Я, Синухе, сын Сенмута и его жены Кипы, пишу это. Я пишу это не во славу богов земли Кем, ибо я устал от богов, и не во славу фараонов, ибо их деяния утомили меня. Я пишу не из страха, не из упования на будущее, но только от одиночества. За свою жизнь я увидел, узнал и потерял слишком много, чтобы быть жертвой напрасного страха; что же до надежды на бессмертие, то от нее я устал так же, как от богов и царей. Только для самого себя пишу я это; и это отличает меня от всех прочих писателей, которые были и которые будут.

Я начал эту книгу на третий год моего заточения на берегах Восточного моря, откуда уходят корабли в страну Пунт, что близ пустыни, возле тех холмов, где добывали камень, чтобы возводить статуи прежним царям. Я пишу это потому, что вино горько для моего языка, потому что женщины не доставляют мне больше наслаждения и потому что ни сады, ни пруды с рыбками не радуют меня более. Я прогнал прочь певцов, и звуки флейт и струн — мука для моих ушей. Поэтому я пишу это, я, Синухе, который не пользуется своим богатством, своими золотыми чашами, слоновой костью, серебром, миррой.

Их не отняли у меня. Рабы все еще боятся моей плети; стража склоняет головы и, простирая руки, опускается на колени передо мной. Но мои прогулки ограничены, и ни один корабль не может пробраться сквозь прибой возле этих берегов; никогда не почувствую я вновь запаха черной земли в весеннюю ночь.

Мое имя некогда было вписано в золотую книгу фараона, и я находился одесную его. Мои слова имели бо́льший вес, чем слова могущественных в земле Кем; знатные осыпали меня дарами и вешали мне на шею цепи из золота. Я обладал всем, что может желать человек, но как всякий человек я желал большего — и вот поэтому я то, что я есть. Я был изгнан из Фив в шестой год царствования фараона Хоремхеба под угрозой быть убитым, как собака, если бы я вернулся, быть раздавленным, как лягушка между камнями, если бы я сделал хоть один шаг в сторону от того места, где мне предназначено было жить. Таков был приказ царя, фараона, бывшего некогда моим другом.

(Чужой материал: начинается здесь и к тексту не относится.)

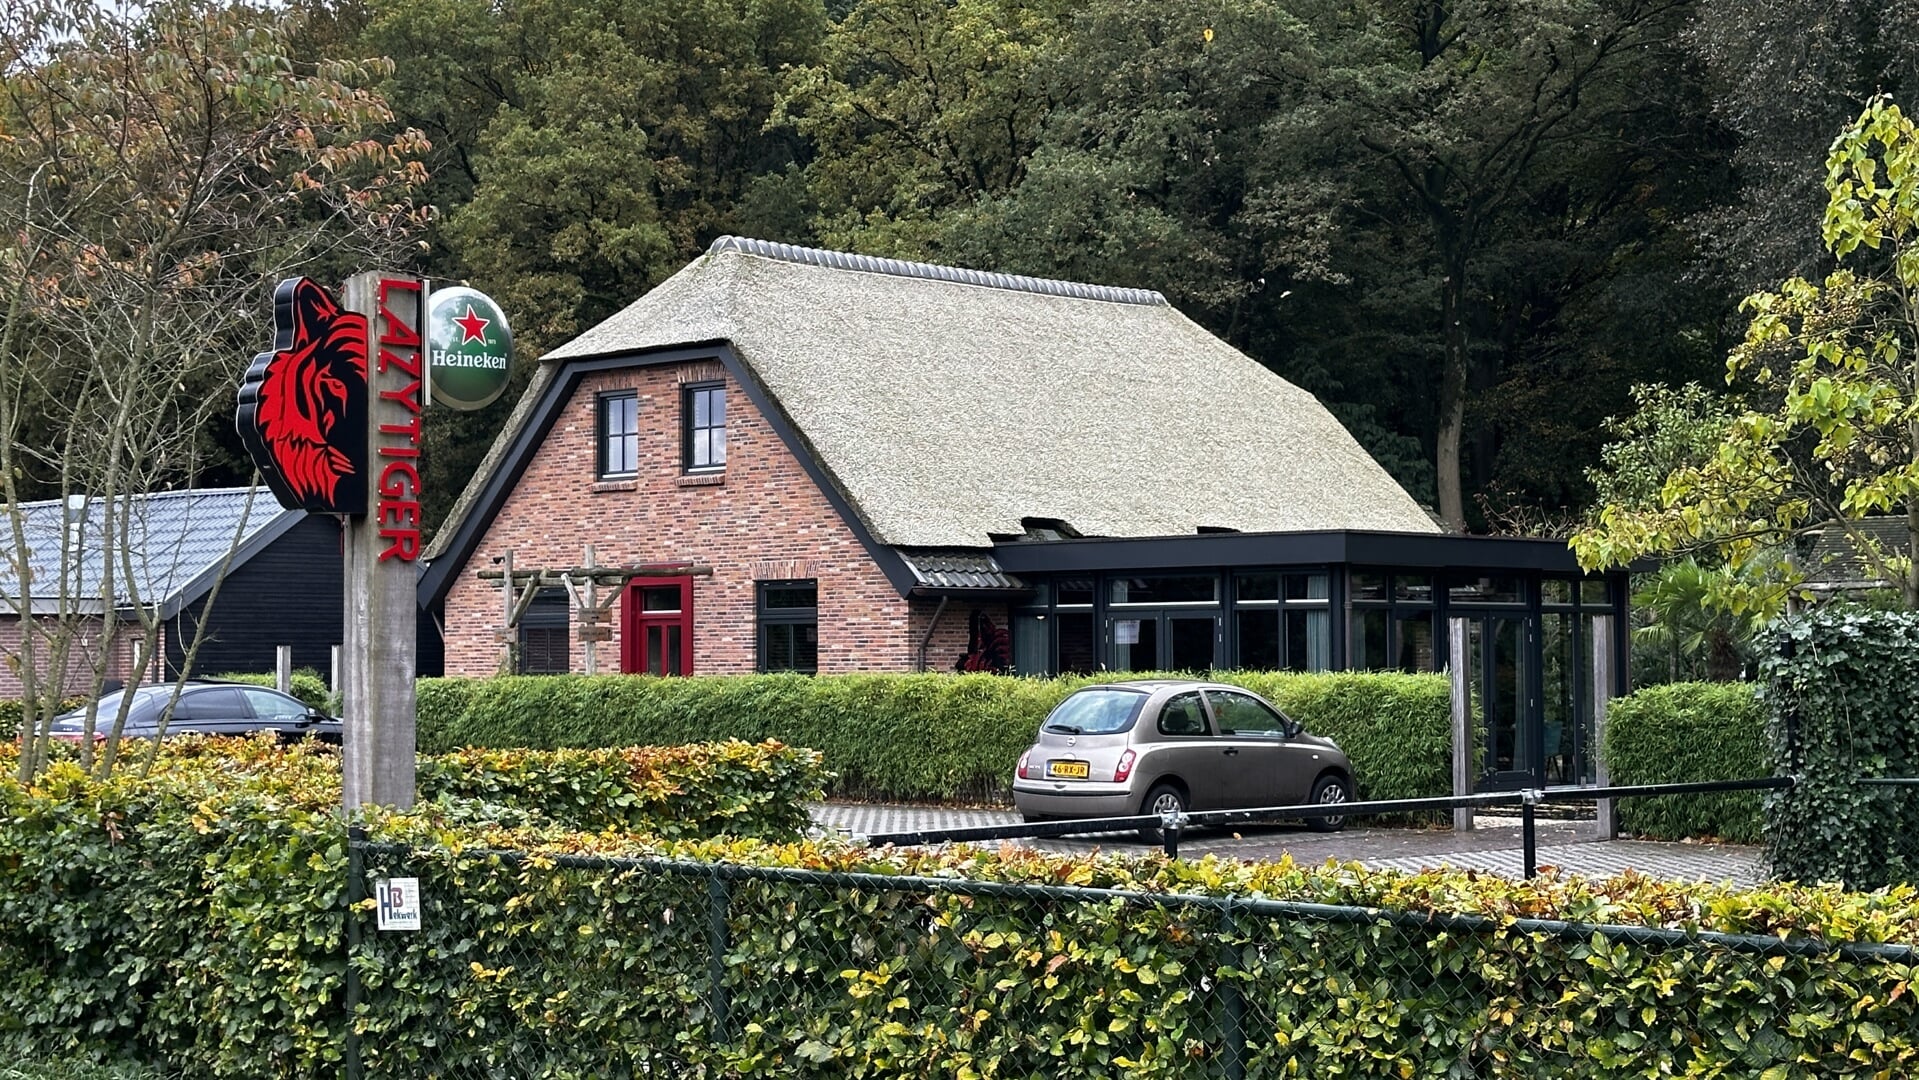 Restaurant Lazy Tiger aan de Julianalaan in Ermelo heeft opnieuw een dwangsom opgelegd gekregen illegaal bijgebouw.

Но прежде чем я начну мою книгу, я хочу позволить моему сердцу излиться в жалобе, ибо так должно плакать сердце изгнанника, когда оно черно от горя.

Тот, кто однажды испил воды из Нила, будет вечно жаждать испить ее снова; его жажду не смогут утолить воды никакой другой реки.

Я обменял бы мою чашу на глиняную кружку, если бы мои ноги смогли еще раз коснуться мягкой пыли земли Кем. Я сменил бы свои льняные одежды на шкуры рабов, если бы я мог хоть раз услышать шелест речного тростника при весеннем ветре.

Чисты были воды моей юности; сладостно было мое безумие. Горько вино старости, и отборнейшие соты не могут сравниться с грубым хлебом моей нищеты. Вернитесь, о годы, повторитесь вновь, вы исчезли, годы; плыви, Амон, с запада на восток через небеса и верни мою юность! Ни одно слово я не искажу здесь, не приукрашу ни малейший свой поступок. О хрупкое перо, гладкий папирус, верните мне мое безумие и мою юность!

2

Сенмут, которого я называл своим отцом, врачевал бедняков в Фивах, и Кипа была его женой. У них не было детей, и когда я появился на свет, они были стариками. В своем простодушии они утверждали, что я был даром богов, не подозревая, сколько зла принесет им этот дар. Кипа назвала меня Синухе в честь кого-то из предания, а она любила предания, и ей казалось, что я появился, спасаясь от опасности, как и мой легендарный тезка, который случайно подслушал страшную тайну в шатре фараона и потом бежал, чтобы прожить долгие годы, полные приключений, в чужих краях.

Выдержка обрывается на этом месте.